Wednesday, August 4, 2010

Always My Little Baby Girl

Today I don't write a letter to Samantha. I just write. I love this picture of her. It makes me smile. Of course her hand is right at her mouth for continual chewing. And she's mid-shriek. Love this girl.

Last week I was at Girls Camp -- teenage girls from our church. It was fun. But I did feel apprehensive about leaving and having no reception on my phone. Marcus did amazingly well though -- first time taking Sammy to therapies and even a neurologist appointment. Go Daddy! He got a little lost, but figured it out.

I sent Marcus to the neurology appointment equipped with questions. I was expecting life altering answers. But much to my surprise, there weren't any. It was pretty simple.

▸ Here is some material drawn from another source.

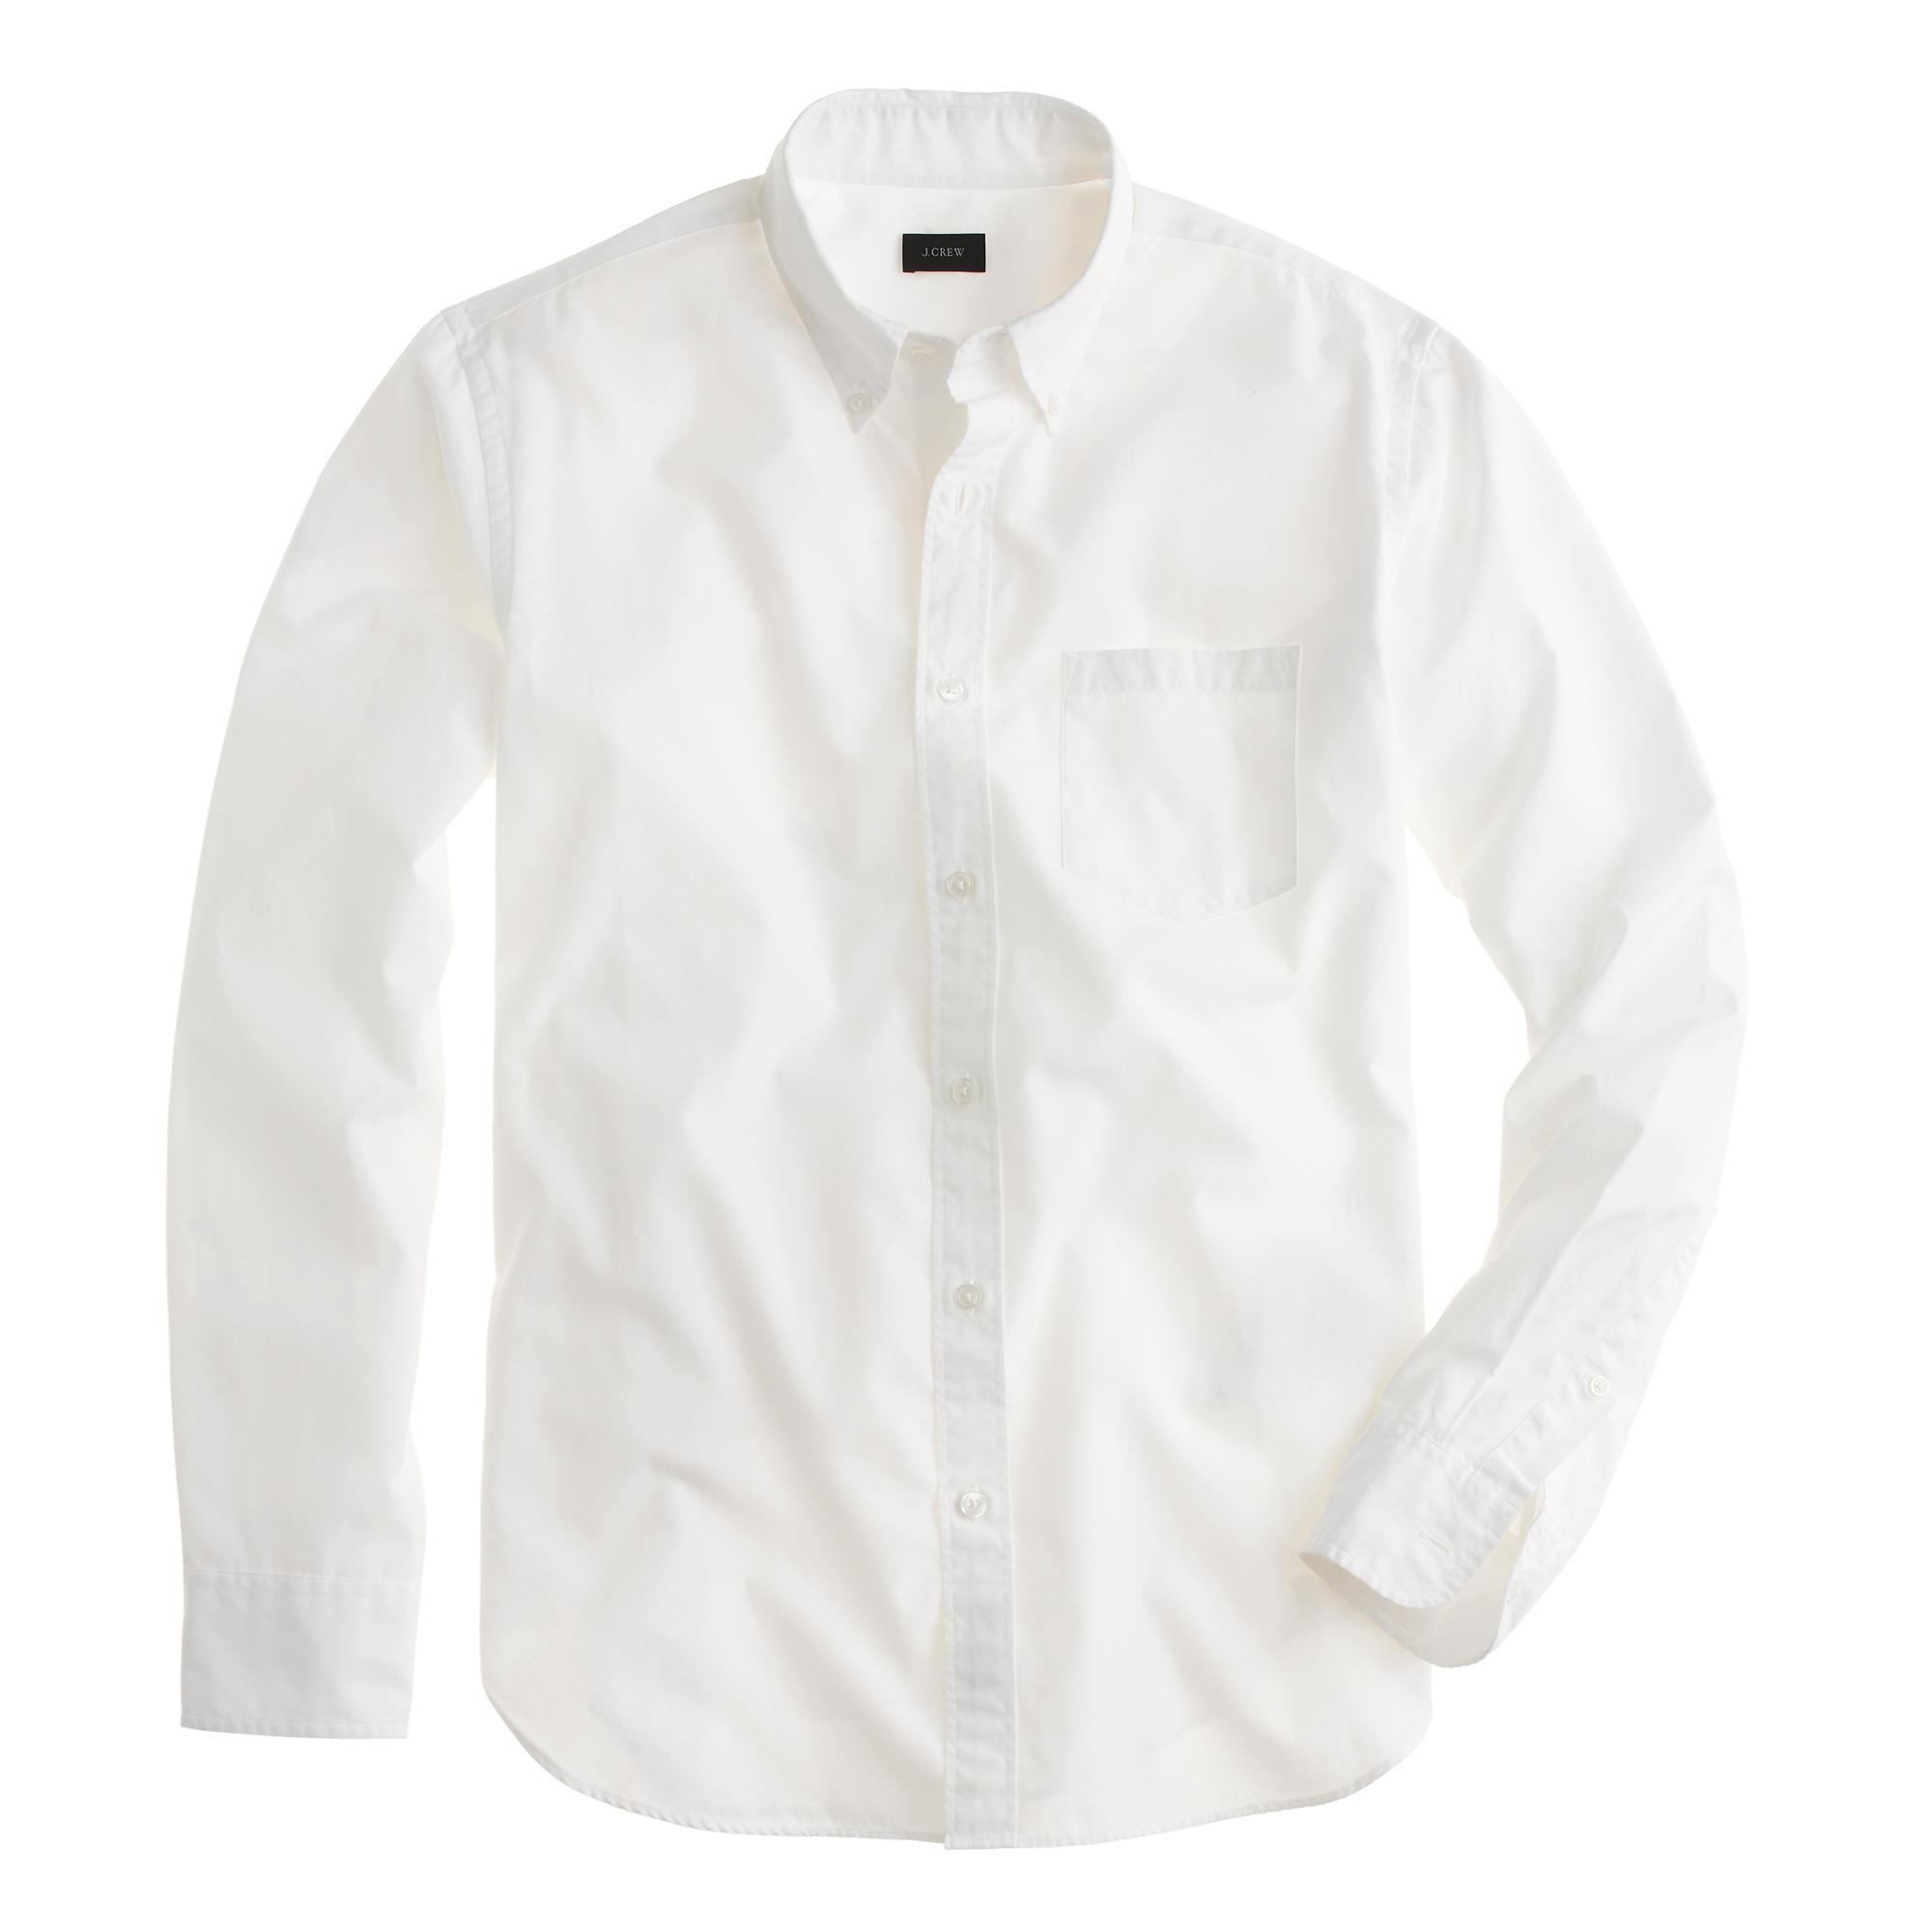 Men's Secret Wash Shirt In White - Men's Woven Shirts

Seckel Syndrome -- Yes there's a genetic test for it, but there's no need to get it done (well, that's to be determined by me...the mama...but for now I'm fine with that). The diagnosis of Seckel Syndrome is actually a way of grouping all the symptoms she has -- and she has them all. So, she has Seckel Syndrome, I suppose, but it doesn't matter? I guess not. And it doesn't change anything about the treatment she is getting, her prognosis, nada. So, that wiped out about 1,000,000 questions I had. Pretty easy.

In recently reading Samantha's past neurology report, I read something I hadn't noticed before. Sammy's head is so small, she's actually considered nanocephalic. Tonight, at the dinner table, this came up. And, her Uncle Colin said it this way, "So, in layman terms, instead of having a super small head, she has a super duper small head." Yep. Our little Sammy is super duper small. And I'm really ok with that. She may have a nano-head, but she has a macro-heart. Such a sweetie (and I can say this now because she's asleep...because believe me...today, as she threw up all over me 2 times, then all over the kitchen floor one more...I wasn't thinking "sweetie pie," though I did feel bad for her).

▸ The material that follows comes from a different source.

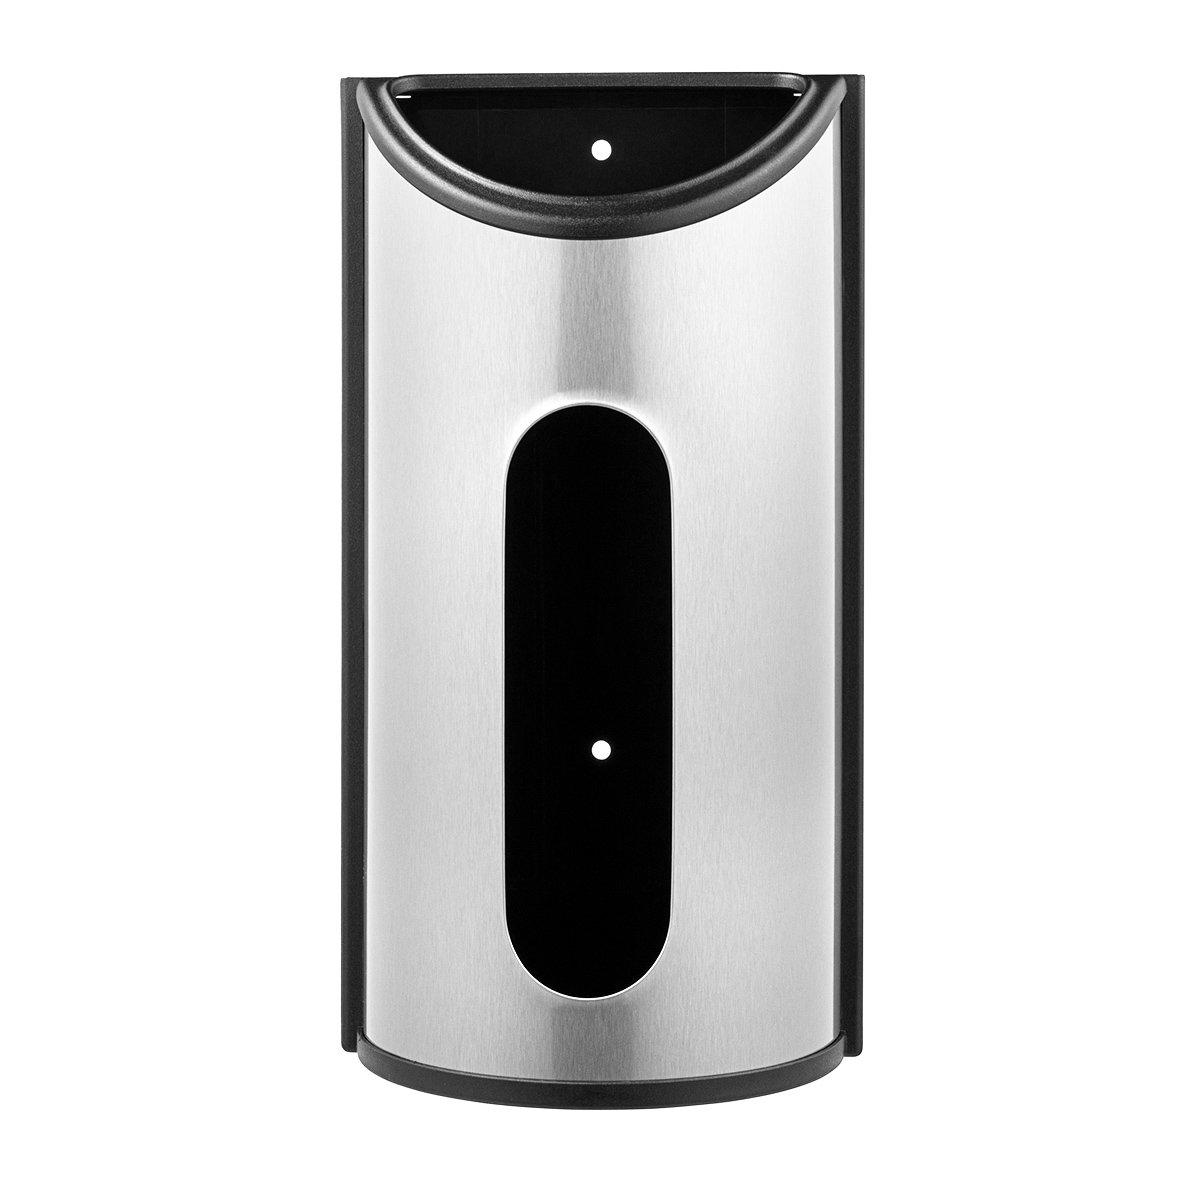 Deppon Stainless Steel Trash Garbage Grocery Bags Organizer Dispenser Saver Holder for Kitchen Lavatory Bathroom

There are days when I feel like a diagnosis is so important -- like it somehow makes things make sense. She's this way because of this gene...or she does that because of this. But honestly, most days, it doesn't matter what she has. She's my little girl no matter what, right? That doesn't change. She'll always be my little baby girl.

1 comment:

  1. way to go marcus!

    and i love that last paragraph. so true. some days it really helps to have a diagnosis and other days it just doesn't mean a thing.